▶ [Problem to work on]
An exact reproduction of the listing is wanted, with the pictures dropped.

▶ [Input data]
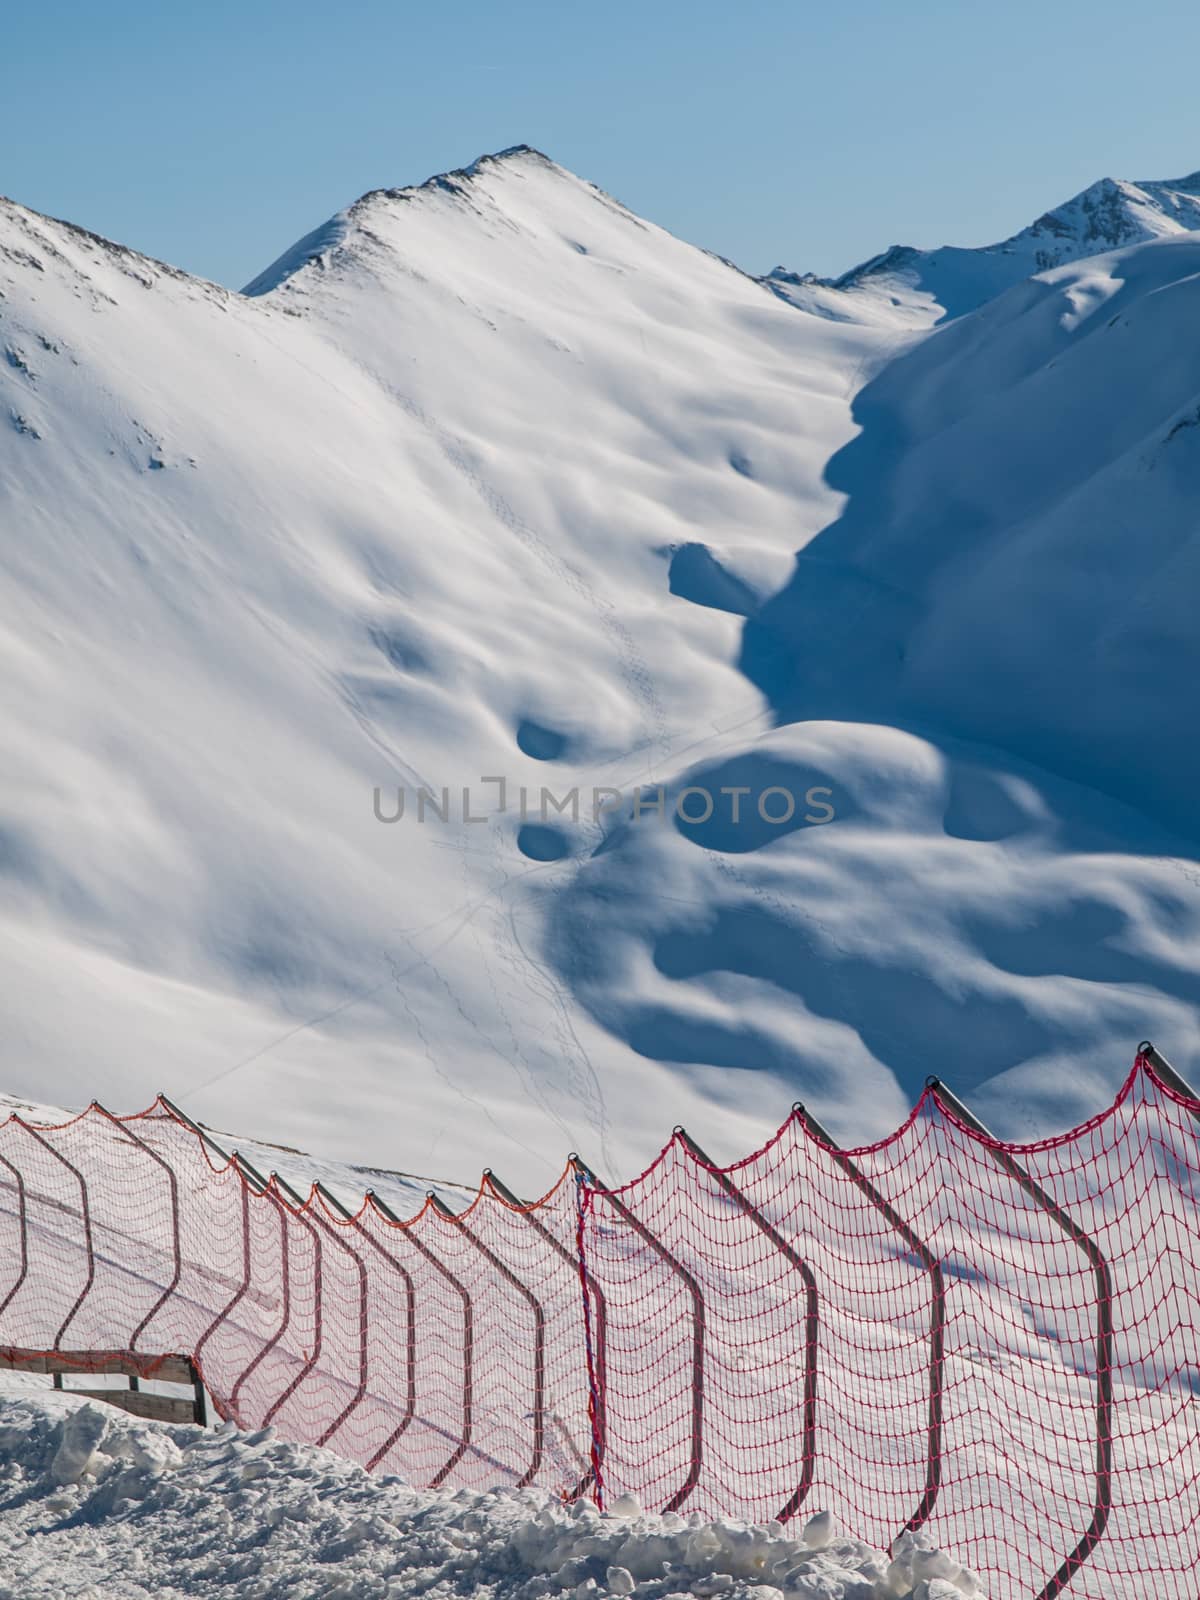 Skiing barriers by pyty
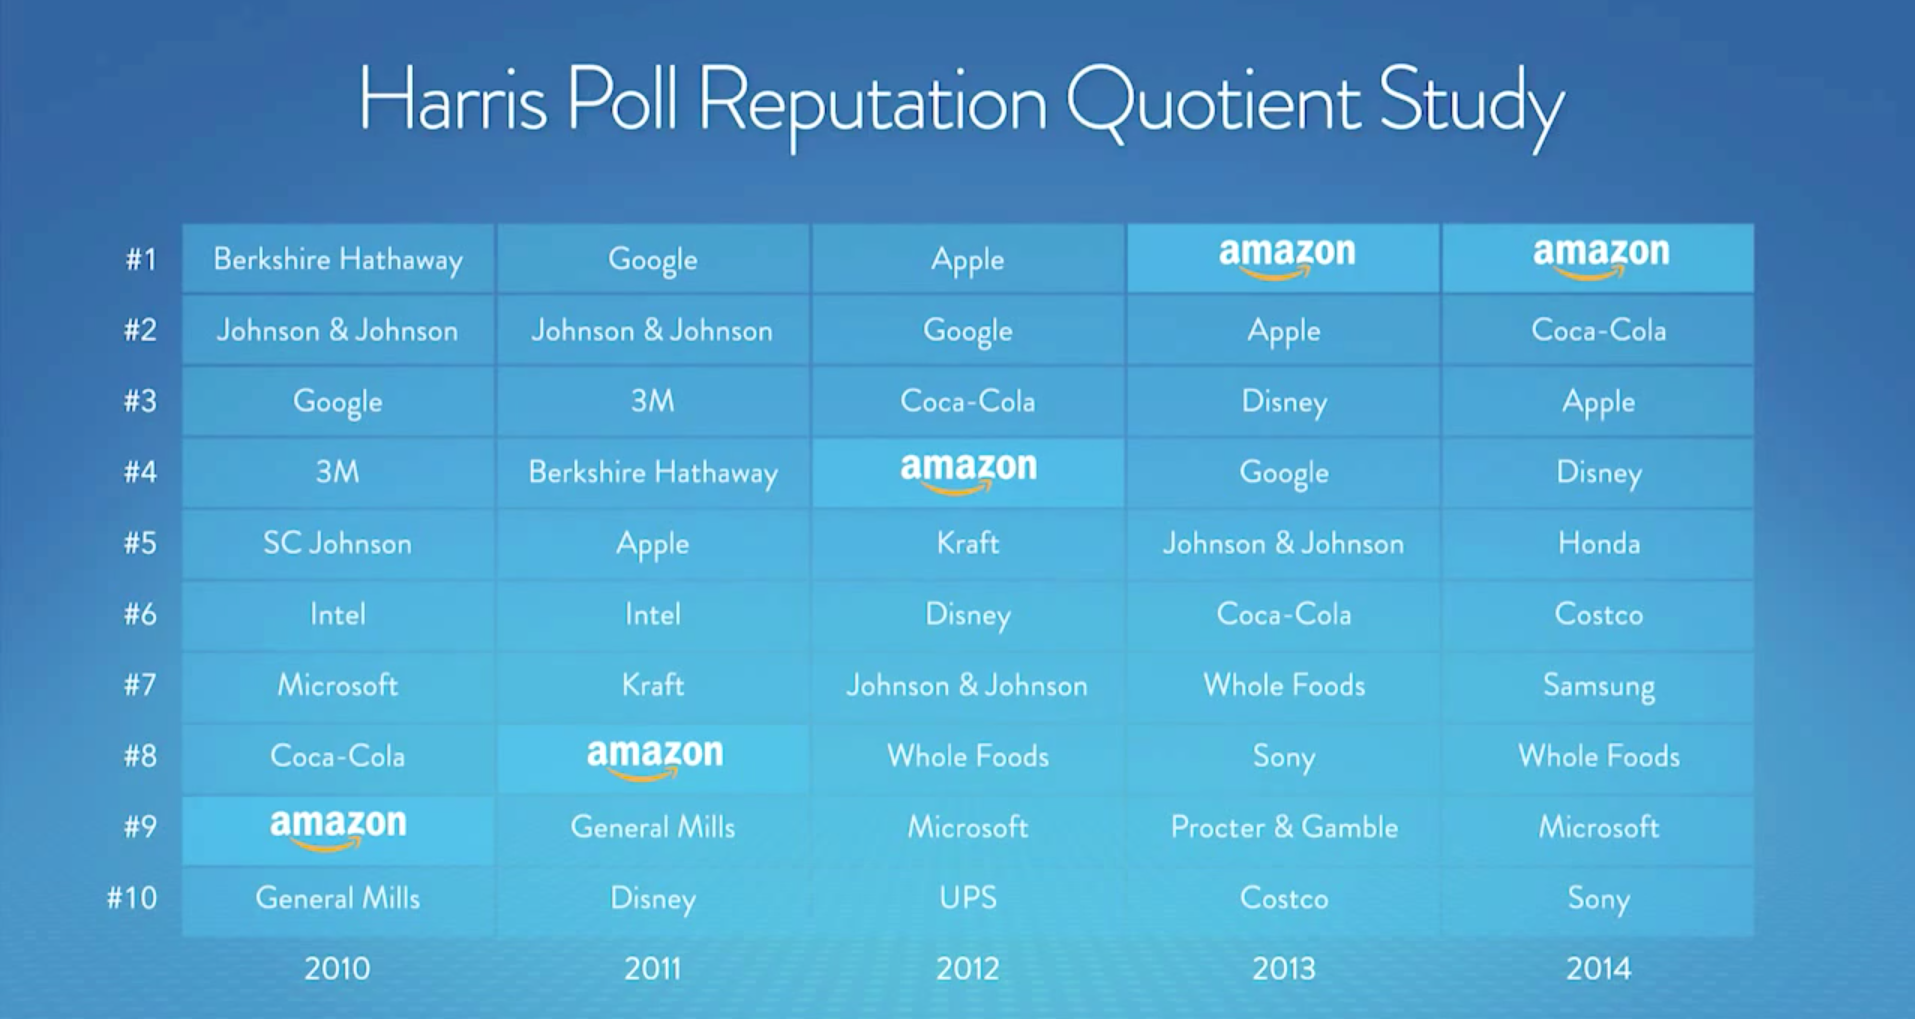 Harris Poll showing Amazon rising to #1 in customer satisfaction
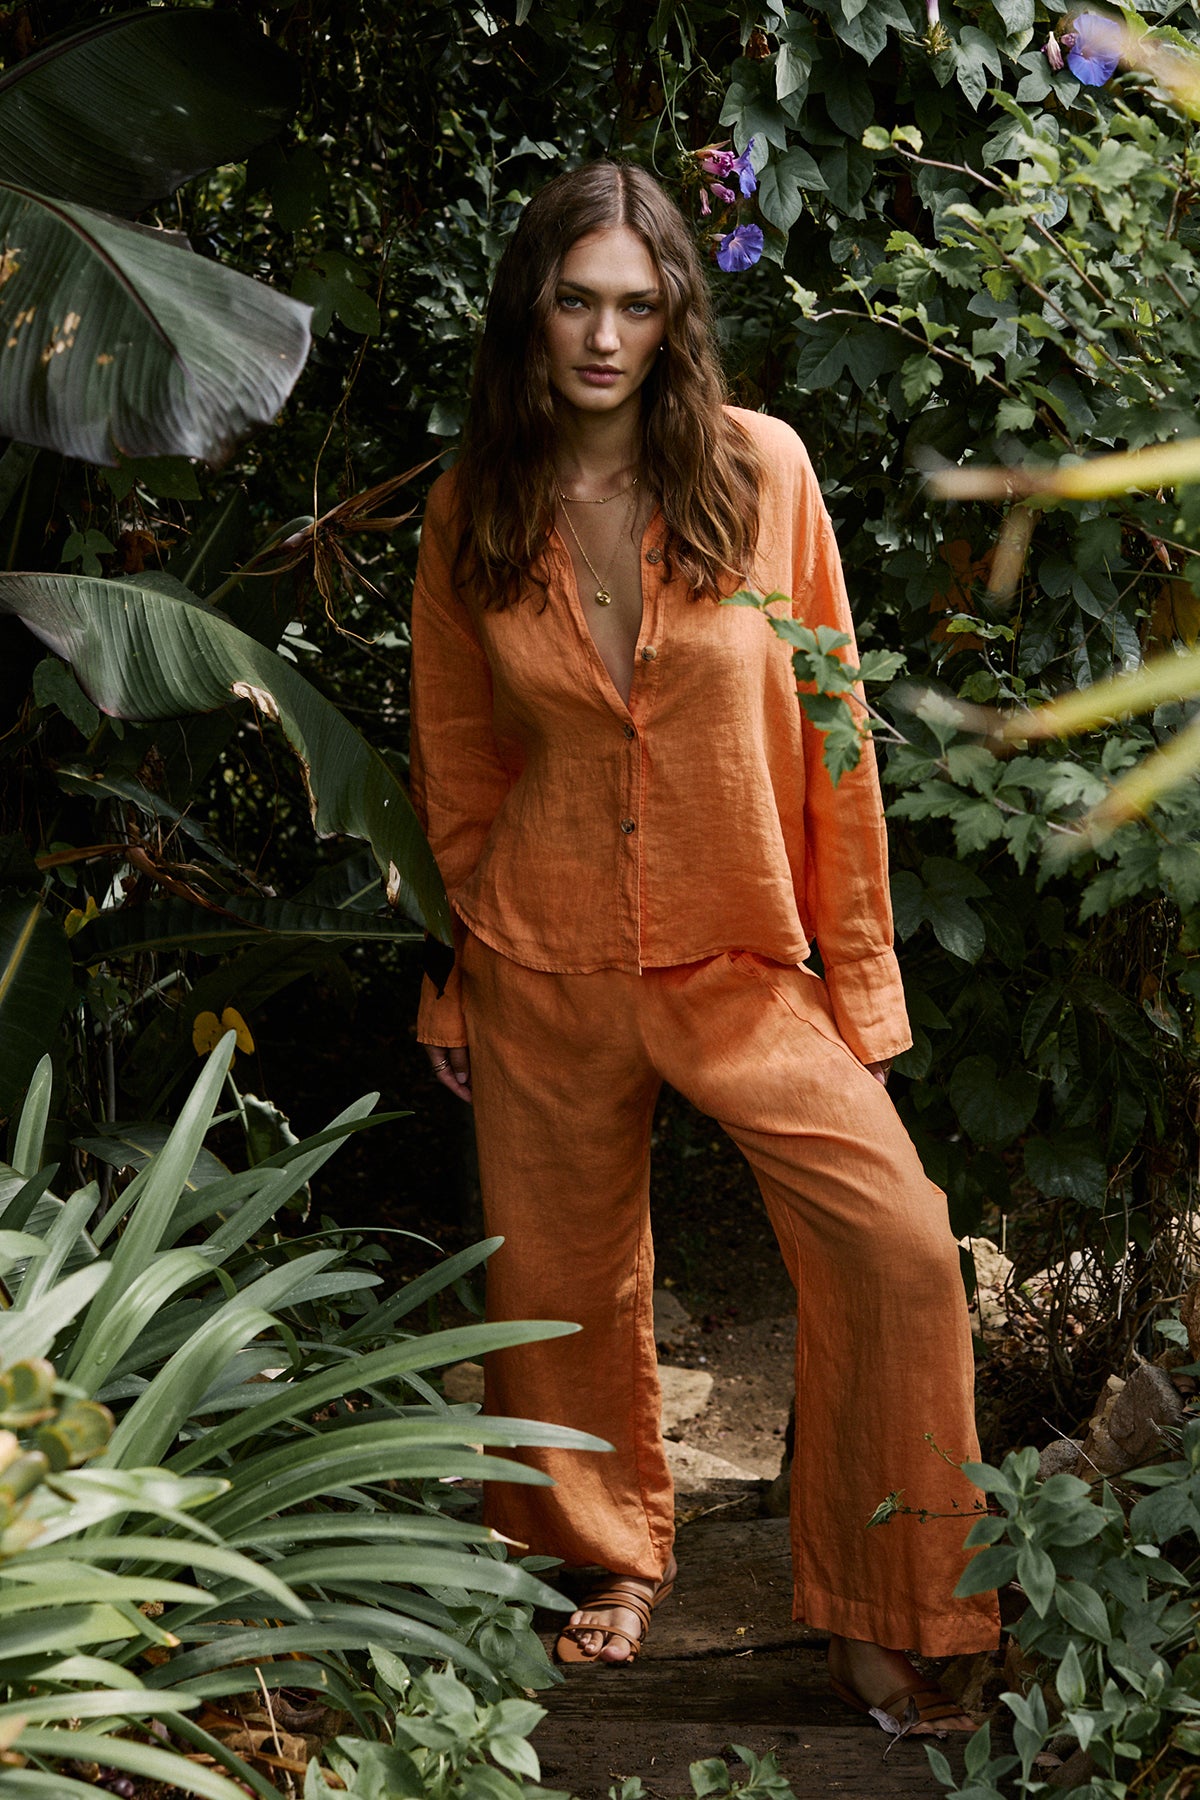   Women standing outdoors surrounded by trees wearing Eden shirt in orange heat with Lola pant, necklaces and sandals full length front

▶ [Answer for the task]
 Skiing barriers by pyty
 Harris Poll showing Amazon rising to #1 in customer satisfaction
   Women standing outdoors surrounded by trees wearing Eden shirt in orange heat with Lola pant, necklaces and sandals full length front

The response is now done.